I love your dogs. When I was little I read Where the Red Fern Grows and was convinced I wanted Redbone hounds of my own. Now that I'm grown I know they probably wouldn't be the perfect breed for me but I still think they are beautiful. Red dogs are just gorgeous and in snow! Ryker and Gypsy are lovely.


----------



## dogsule (Nov 6, 2013)

Beautiful pics! Your dog look like they are loving it and really are pretty against the white snow.


----------



## jade5280 (Feb 20, 2013)

dogsule said:


> Beautiful pics! Your dog look like they are loving it and really are pretty against the white snow.


Thanks! I got them specifically for photo opportunities in the snow haha



Remaru said:


> I love your dogs. When I was little I read Where the Red Fern Grows and was convinced I wanted Redbone hounds of my own. Now that I'm grown I know they probably wouldn't be the perfect breed for me but I still think they are beautiful. Red dogs are just gorgeous and in snow! Ryker and Gypsy are lovely.


I have a love/hate relationship with them LOL. I love that they are super easy to live with and don't ask for much and on the other hand I sometimes wish for a dog that was more active. They are the worst motivators ever! They are biddable enough for what I want. I think I will always have at least 1 coonhound.


----------



## d_ray (Nov 5, 2013)

jade5280 said:


> I love that they are super easy to live with and don't ask for much and on the other hand I sometimes wish for a dog that was more active. They are the worst motivators ever! They are biddable enough for what I want. I think I will always have at least 1 coonhound.

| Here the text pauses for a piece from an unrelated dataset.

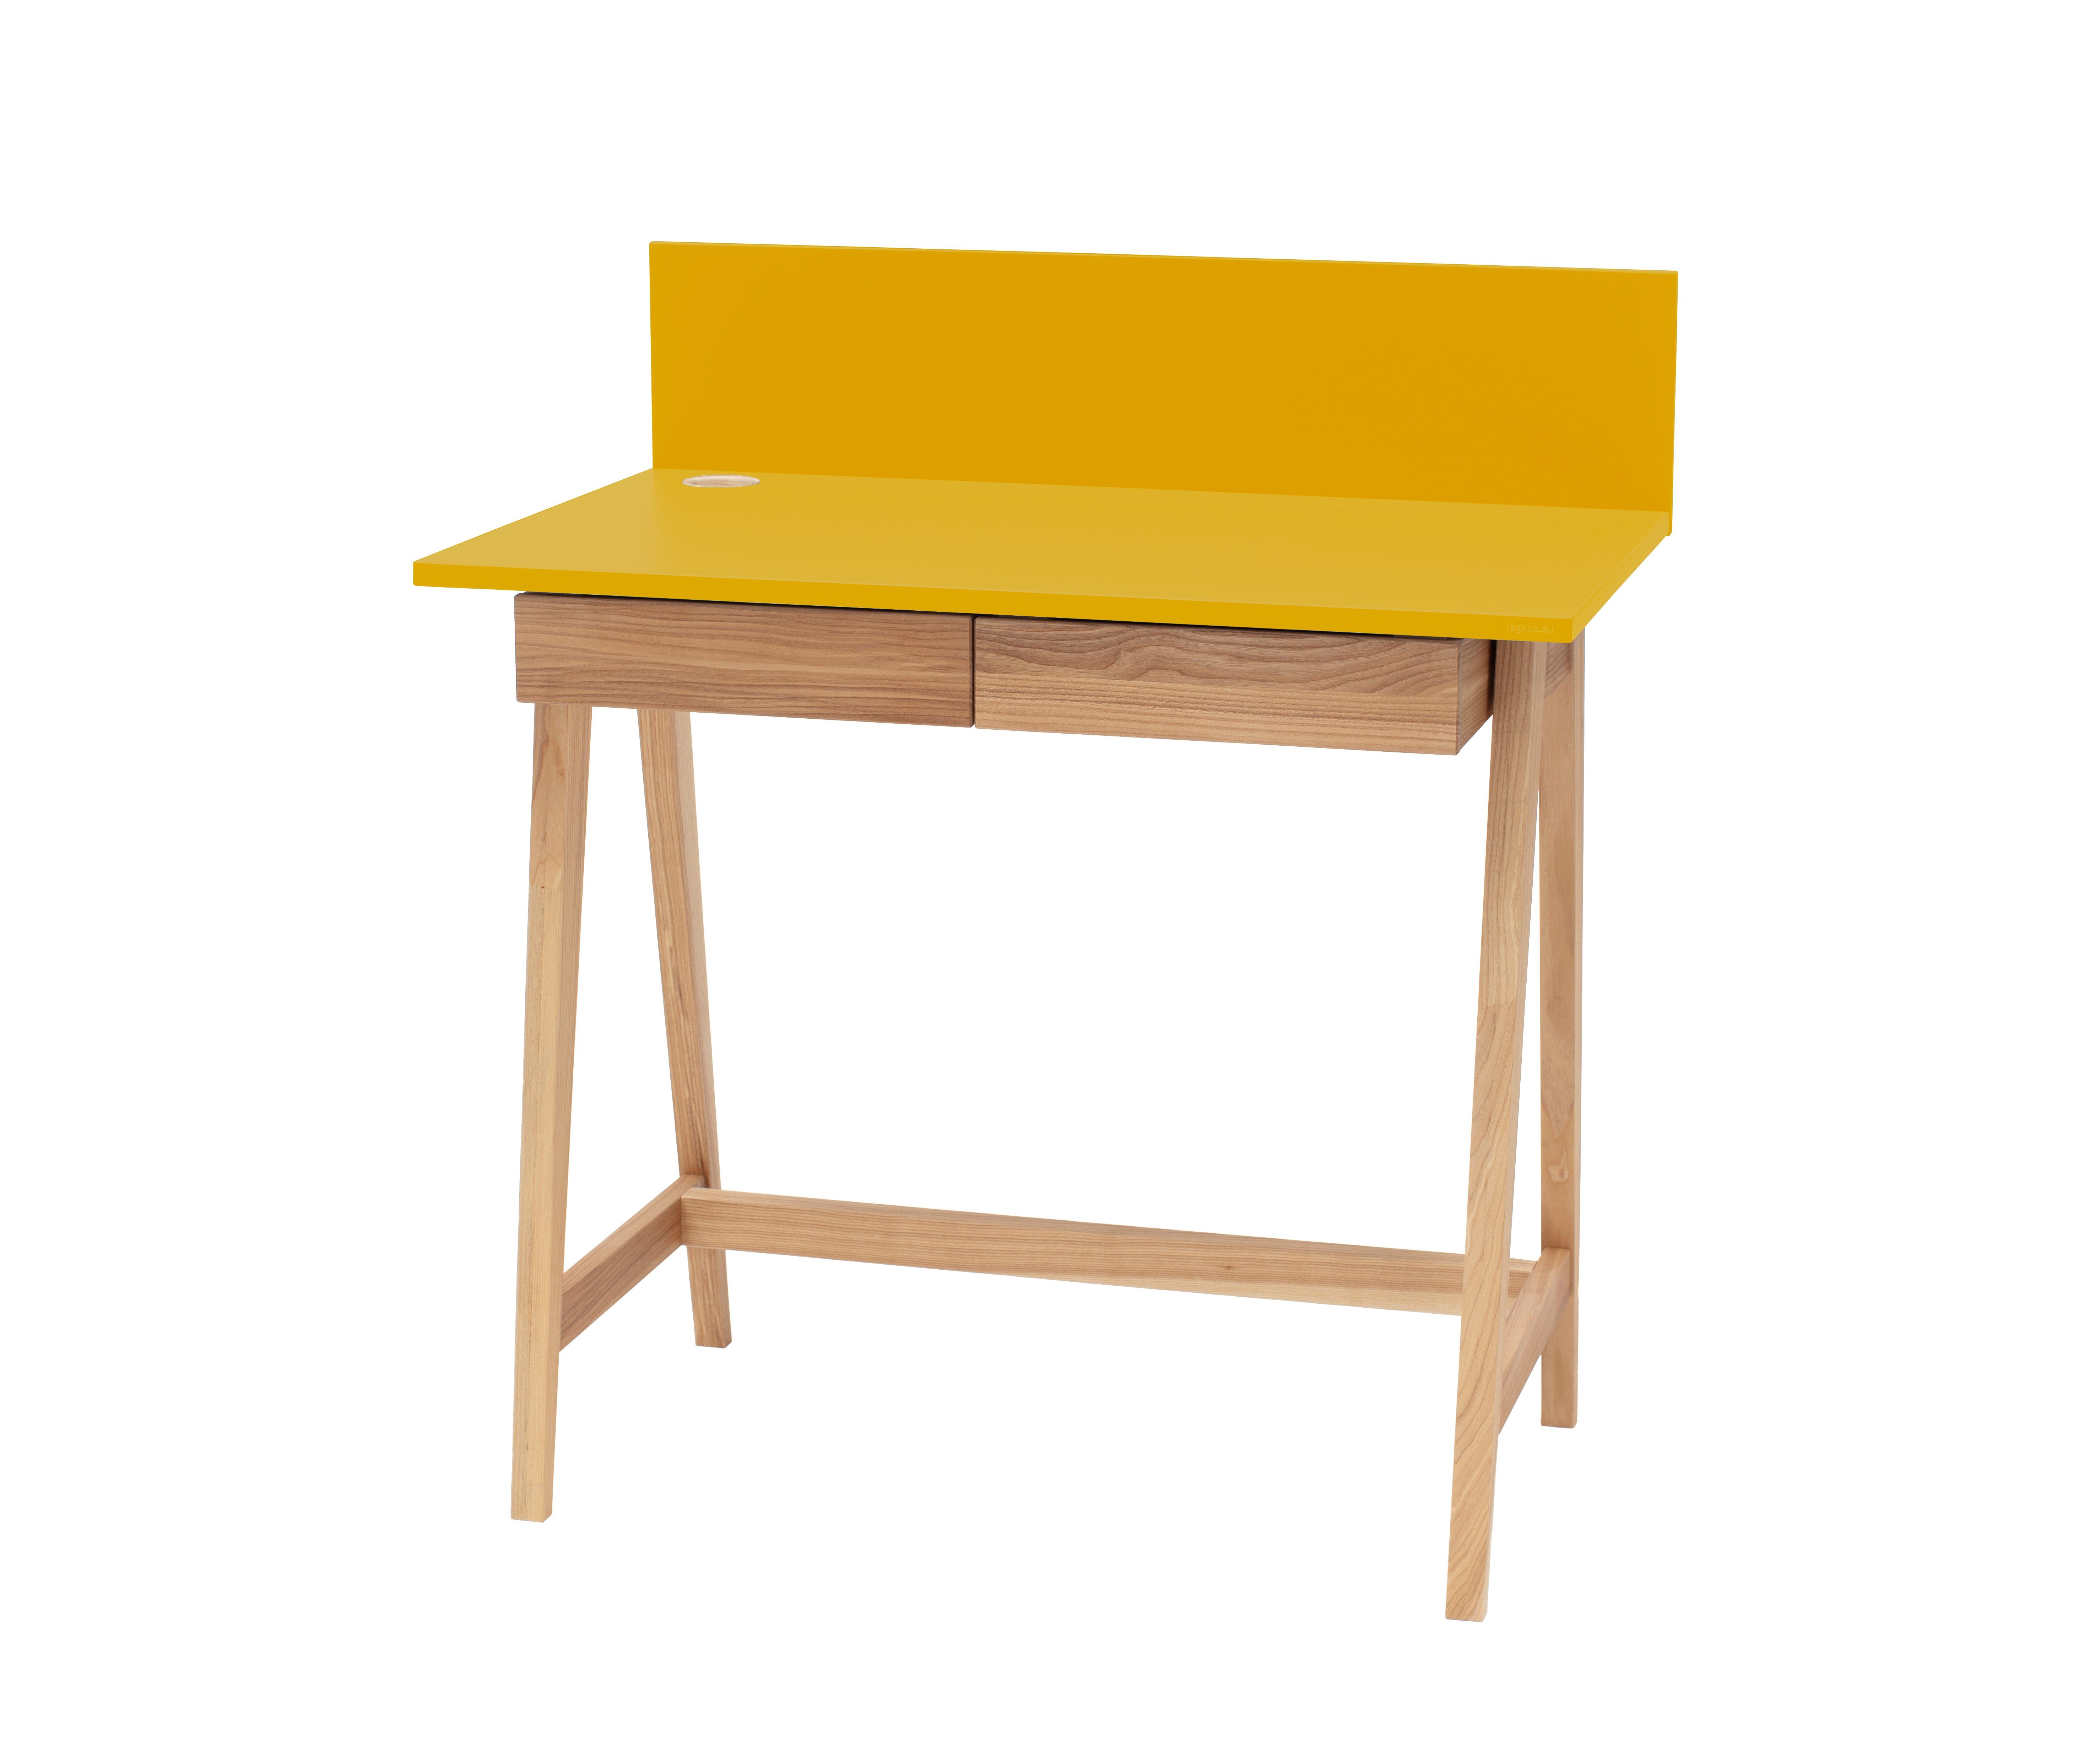 Siblo Schreibtisch Kinderschreibtisch Andrea mit Schubladen - Bunter Schreibtisch - minimalistisches Design - Kinderzimmer - MDF-Platte - Eschenholz (Kinderschreibtisch Andrea mit Schubladen) Gelb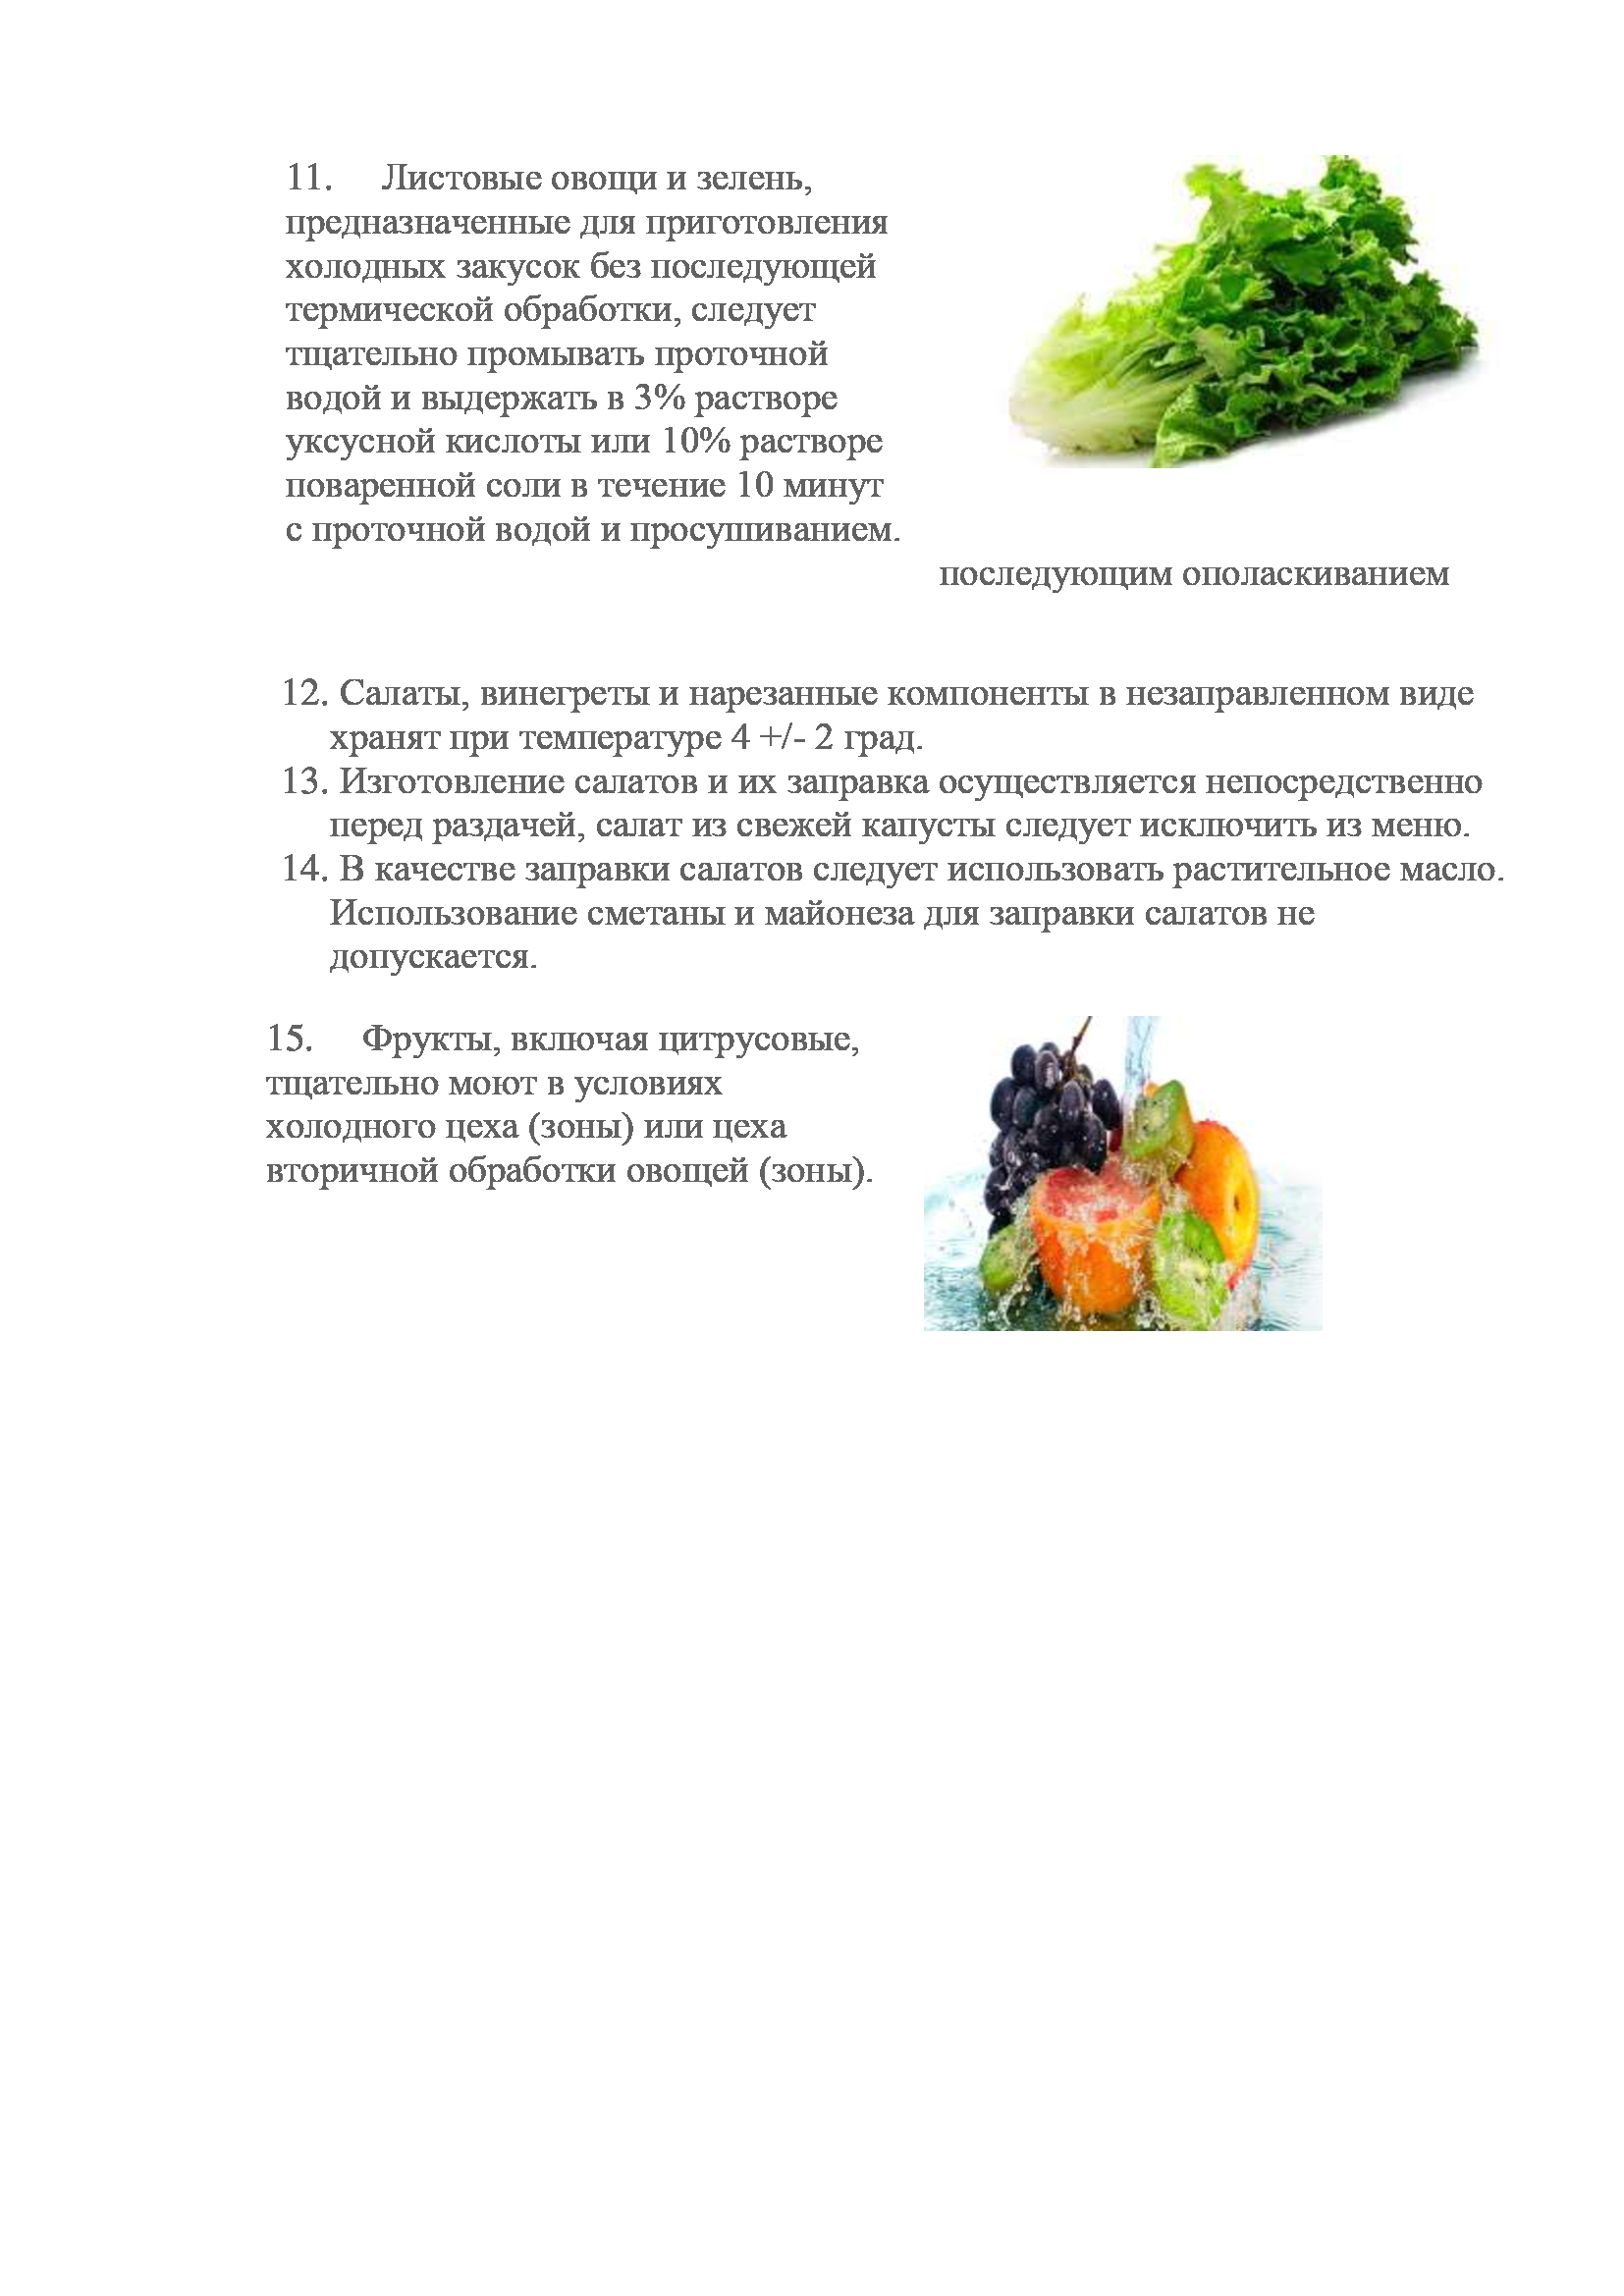 Инструкция по обработке ягод, овощей и фруктов

I just love your pair. I would have thought they were very active. You can always borrow spit fire Jazzy


----------



## jade5280 (Feb 20, 2013)

d_ray said:


> I just love your pair. I would have thought they were very active. You can always borrow spit fire Jazzy


 They are pretty lazy. Active outside and a couple times running around the house during the day, but the rest of the time they are sleeping under the blankets. Like when I ask if they want to go for a walk they will slowly get up and walk towards the door like "okay fine". Once they are outside they could go for hours, but it kind of sucks when I have to motivate them just to get out of bed lol. They're great cuddlers though.


----------



## dagwall (Mar 17, 2011)

jade5280 said:


> They are pretty lazy. Active outside and a couple times running around the house during the day, but the rest of the time they are sleeping under the blankets. Like when I ask if they want to go for a walk they will slowly get up and walk towards the door like "okay fine". Once they are outside they could go for hours, but it kind of sucks when I have to motivate them just to get out of bed lol. They're great cuddlers though.


Haha, I need me a redbone. Sounds great!


----------